Monday, November 16, 2015

Day 1 Bush: Durban to Hluhluwe Game Reserve

Day 1: Durban to Hluhluwe
We left early for Breakfast at Delish Sisters in Salt Rock. Its located in a Litchi Orchard and the fruit were ripening on the high branches.  After an excellent breakfast we headed up the north coast and stopped at Inseleni for a mushroom check. Dad showed me some spots where he had seen fungi in wetter times. We found a few which I found extremely interesting and unfamiliar:

Small orange ones (they look the color of witches butter but are firm and more branched).

Fuzzy capped stipeless.

Large spongely-fibrous mushrooms.

Similar to turkey tails...

Natal is in a serious drought. We crossed the Umfolozi River which was completely dry but for a deep channel that had been excavated to keep water accessible to locals.
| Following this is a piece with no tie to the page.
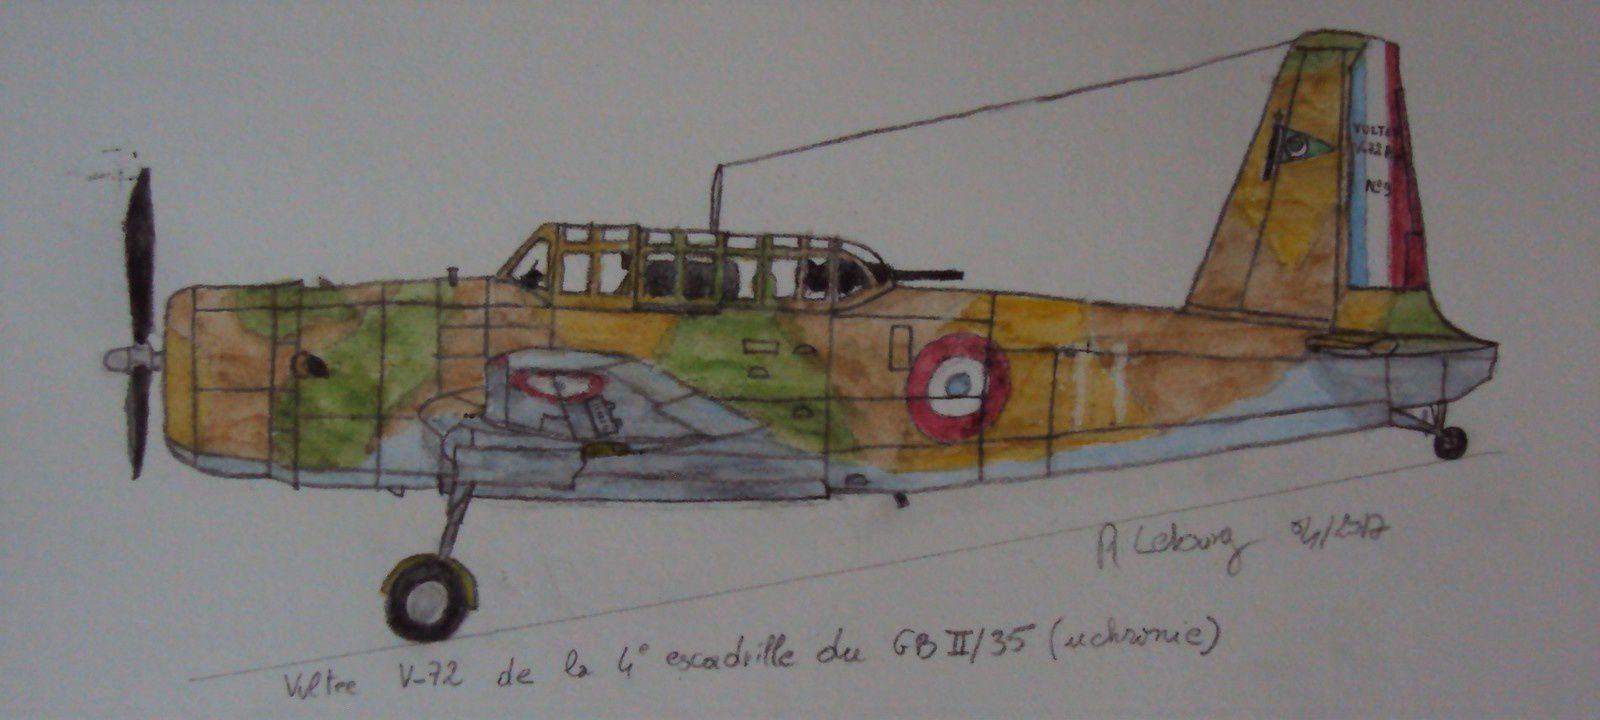 Profil uchronique d'un Vultee V-72 mis en oeuvre par une armée de l'air française continuant le combat depuis l'AFN.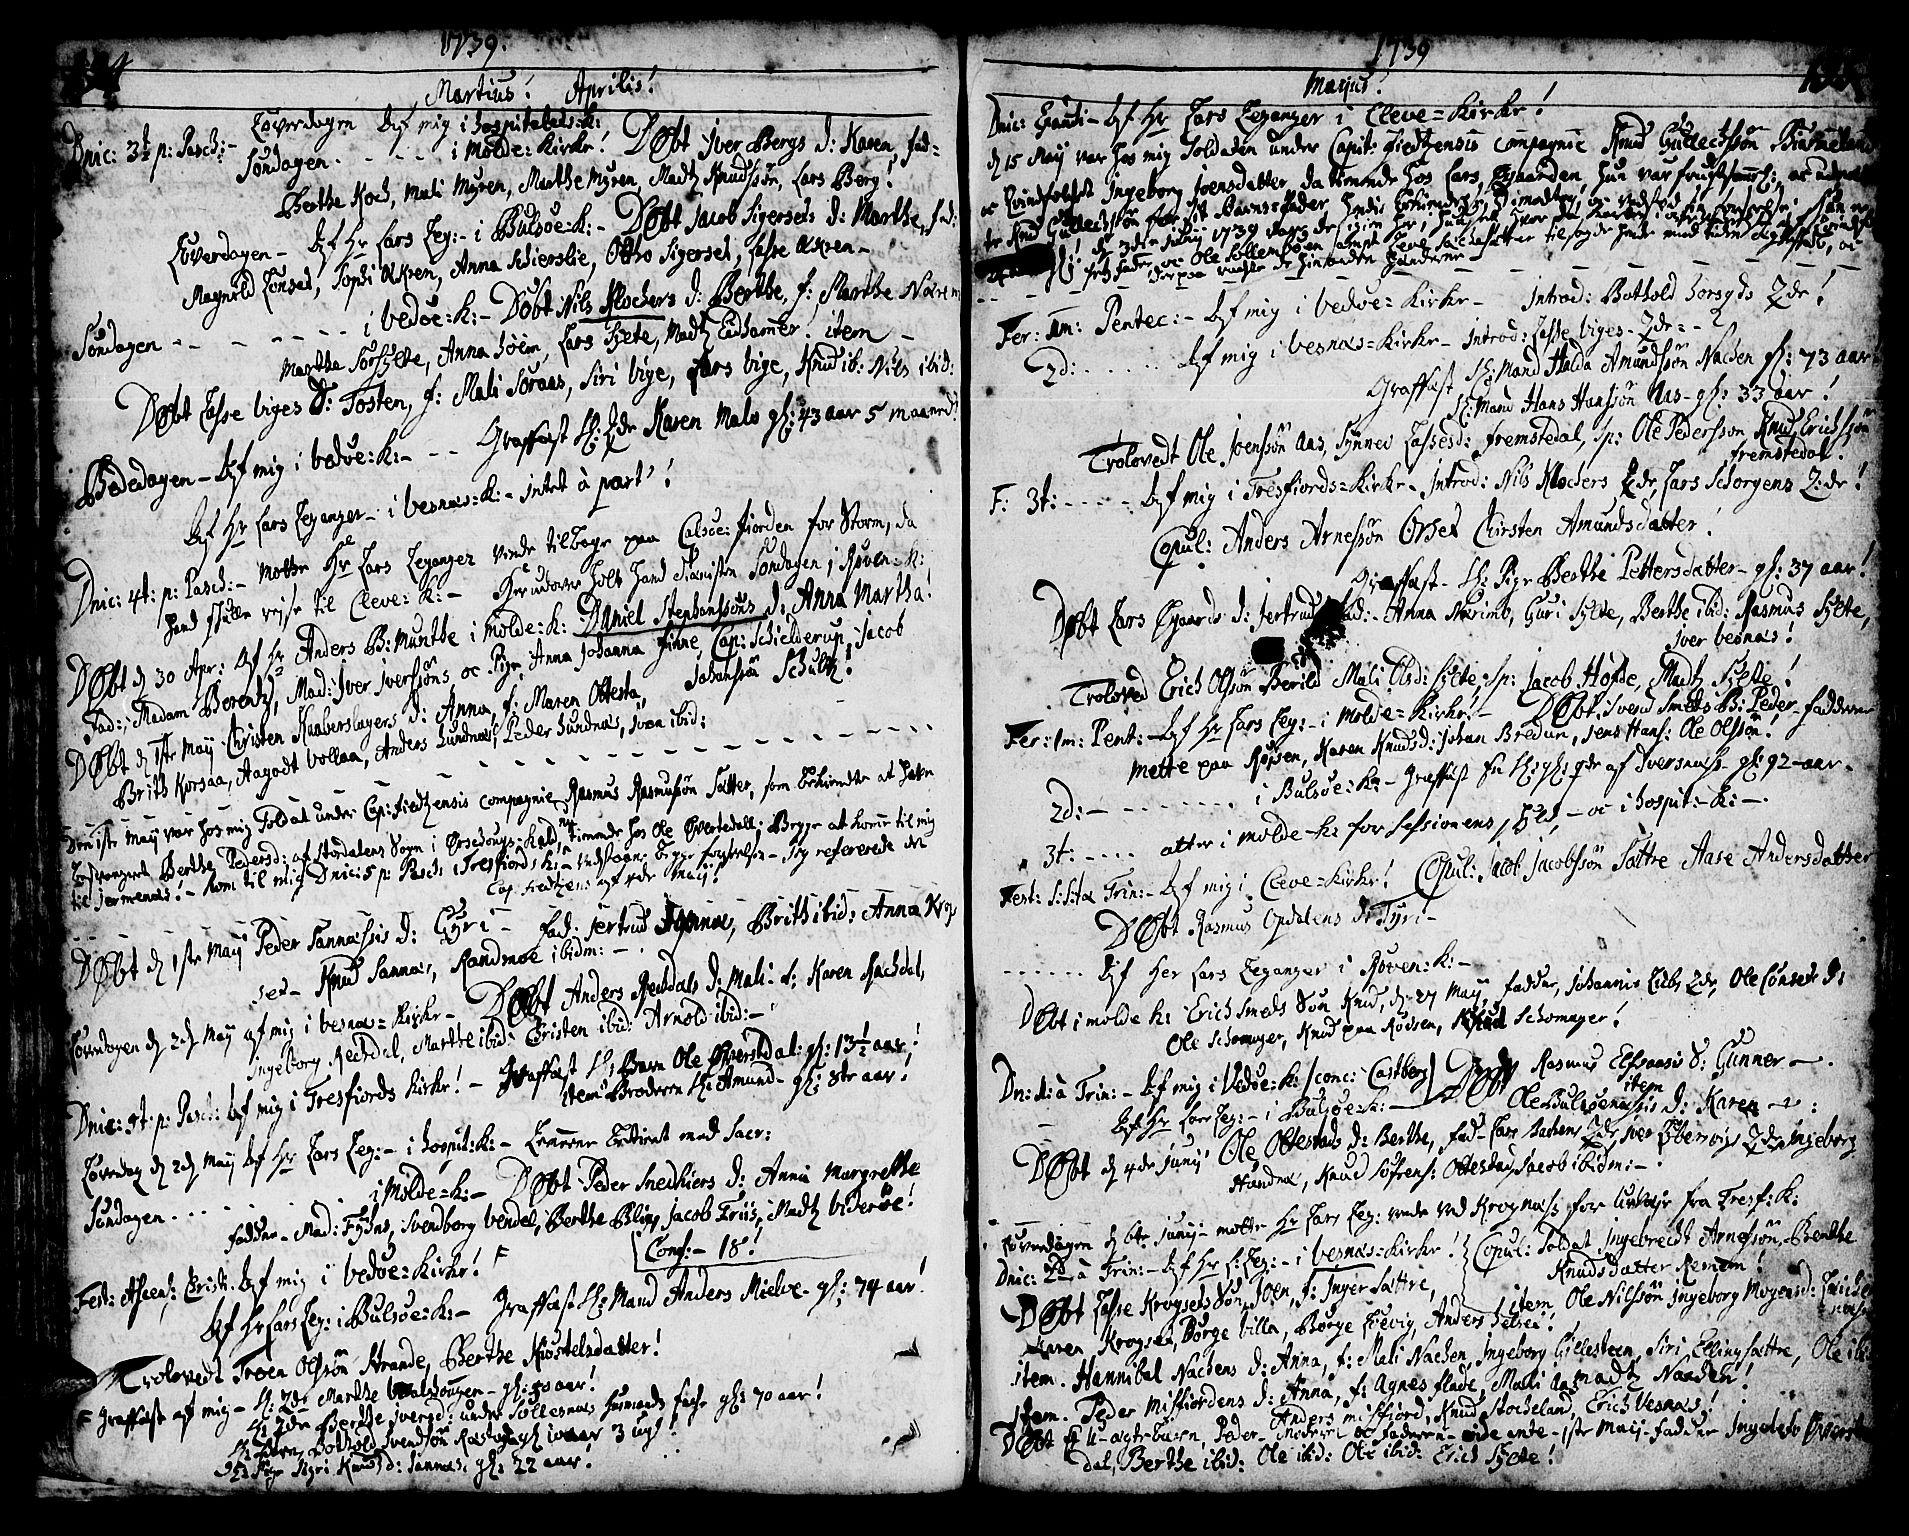 SAT, Ministerialprotokoller, klokkerbøker og fødselsregistre - Møre og Romsdal, 547/L0599: Parish register (official) no. 547A01, 1721-1764, p. 196-197

At the Nyalazi gate the weavers were nesting - making loops of grass in a tree in a cacophony of chirruping and trilling. Male and female pairs were working together to weave the balled nests with long channel corridor.  Males demonstrated with fluffing and bobbing, jutting their wings out in display.
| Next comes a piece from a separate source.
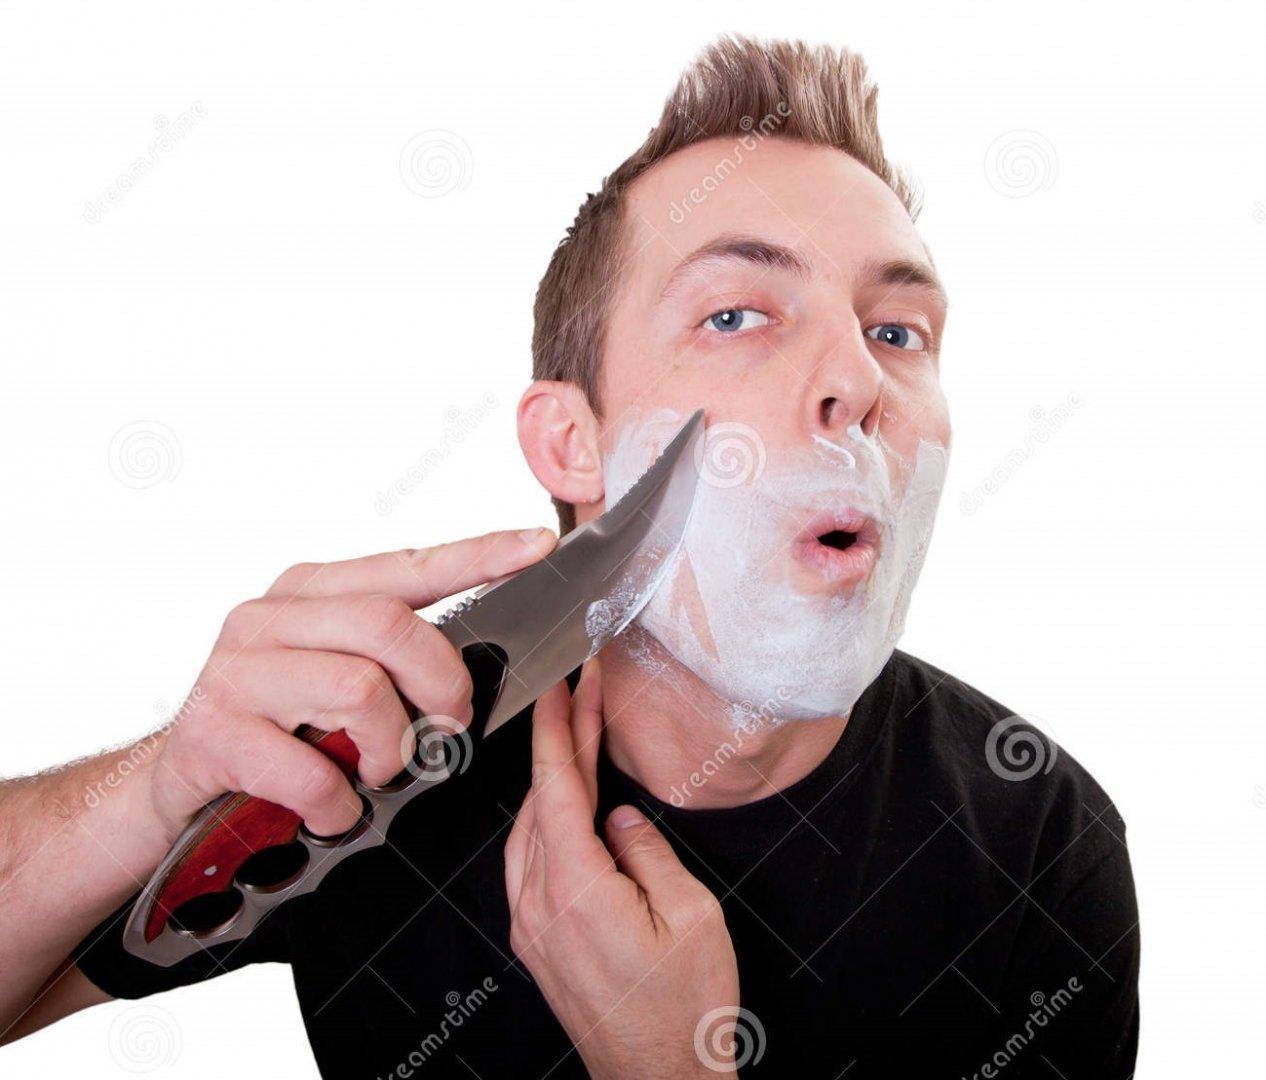 dangerous-shave-23644634.jpg

“They have a serious weaver infestation here” said Lanny, as Wren and I were marvelling at them.

Driving to the bush camp we were lucky enough to see a pair of african wild dogs on the road.  They were much larger than you’d expect, with long legs and big ears. We also saw giraffe, Nyala, Impala, Zebra and a number of white rhino.

Dinner Drama
Dinner was a strange affair.  The cook was either stoned or drunk and forgot to cook half the chicken and all the potatoes.  Ingrid had to come to the rescue and save the day.  The energy saving lighting is so dim that a single cone of normal light is suspended over one chair in the 20 foot square dining room. The poor souls sitting under this cone of light are constantly assaulted by swooping moths with soft heavy bodies and clawing feet that dive and fall on them then clamber up the body and fly off.  Wren was this soul and quickly developed a fear of moths, sitting in place starting at the light trying to track the next attack.  I told him not to bother and that moths were fine, until a hawk moth flew from my leg into my face and, involuntarily, I screamed.  This rather validated Wren’s perspective! 
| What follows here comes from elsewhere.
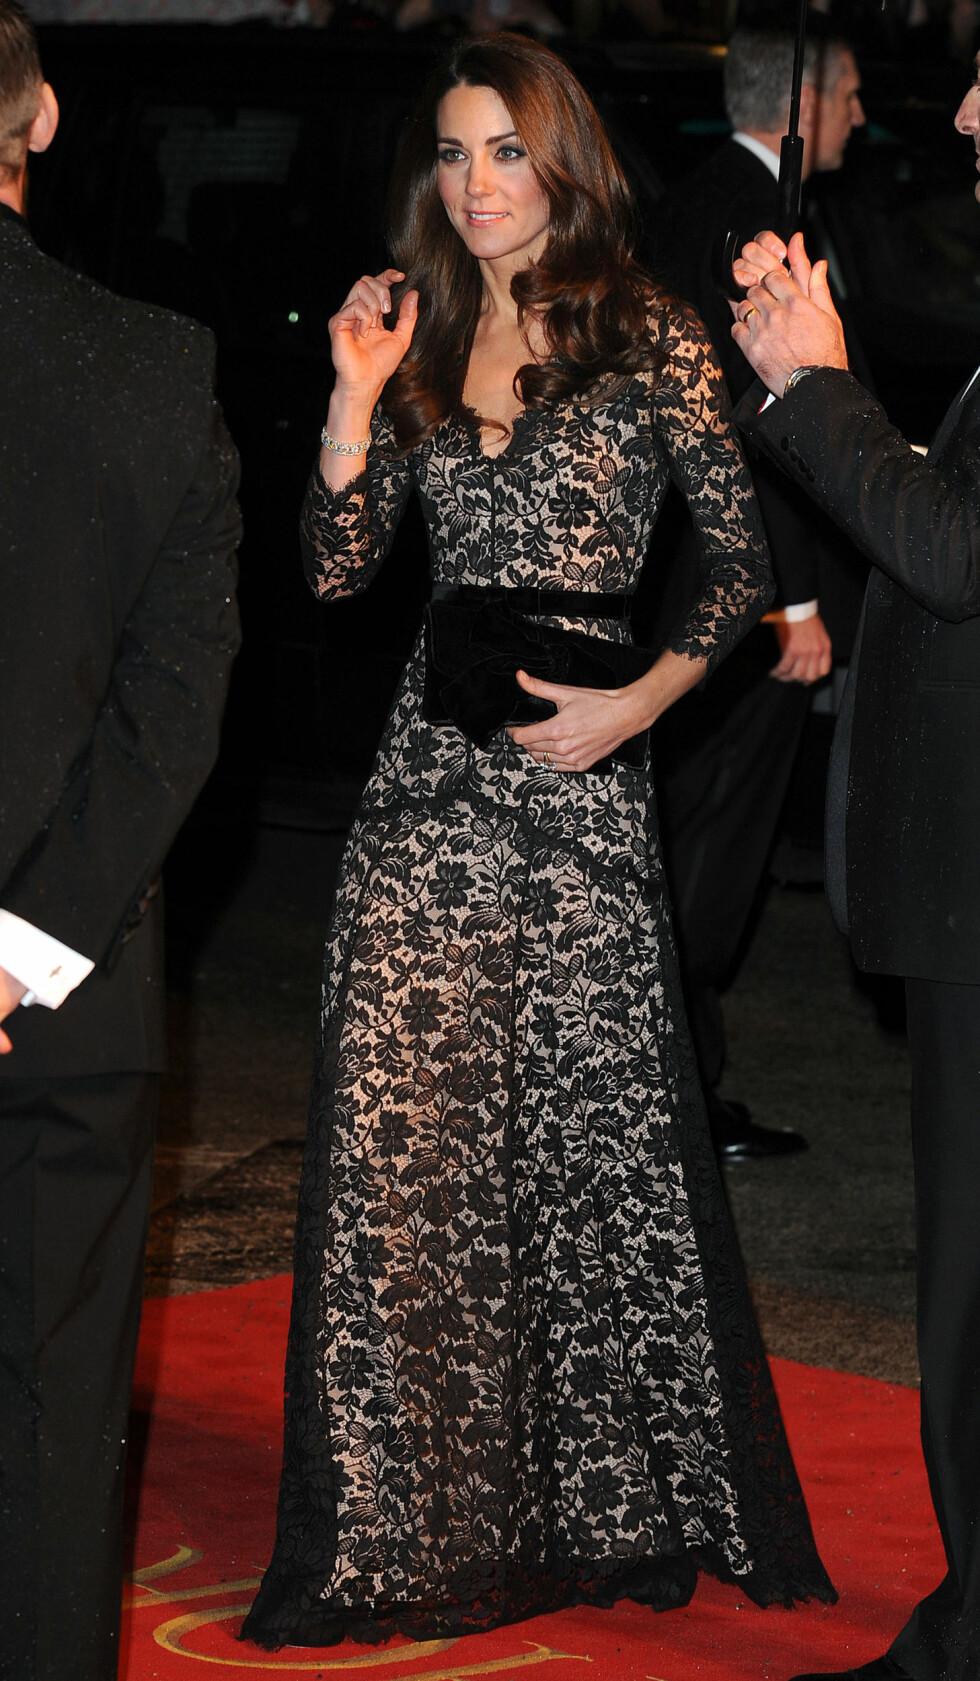 KUNSTEN Å BALANSERE EN KLØFT: Kjolen Kate Middleton har på seg her, er både sexy og tekkelig på en gang.   Foto: James Whatling / Splash News/ Al

Pete was also not too keen on the moths but handled his concerns - having a greater fear of spiders, cockroaches and scorpions. After a while sharing “spider alert” stories - including one in which Peter and Lanny found a tarantula inside their mosquito net in Guatemala, Wren moved seats and sat in darkness, crying occasionally that he wanted to go “to our room to get away from the moths". This calmed eventually as the attacks lessened - until Pete yelled “Scorpion” and ran to the other side of the room. There was a 5 inch long scorpion with huge pincers sitting on floor in dining room dark.  Wren stood on a chair while it scuttled around. Dad pursued it and swept it into the next room where it vanished into the large gaps between the floorboards.

The cook said “They are all over camp but they live under the house”.  The next morning he was vigorous in his sweeping.

Waking in the night the bamboo shutters were vibrating in the wind which sucked and heaved, blowing rain against the glass.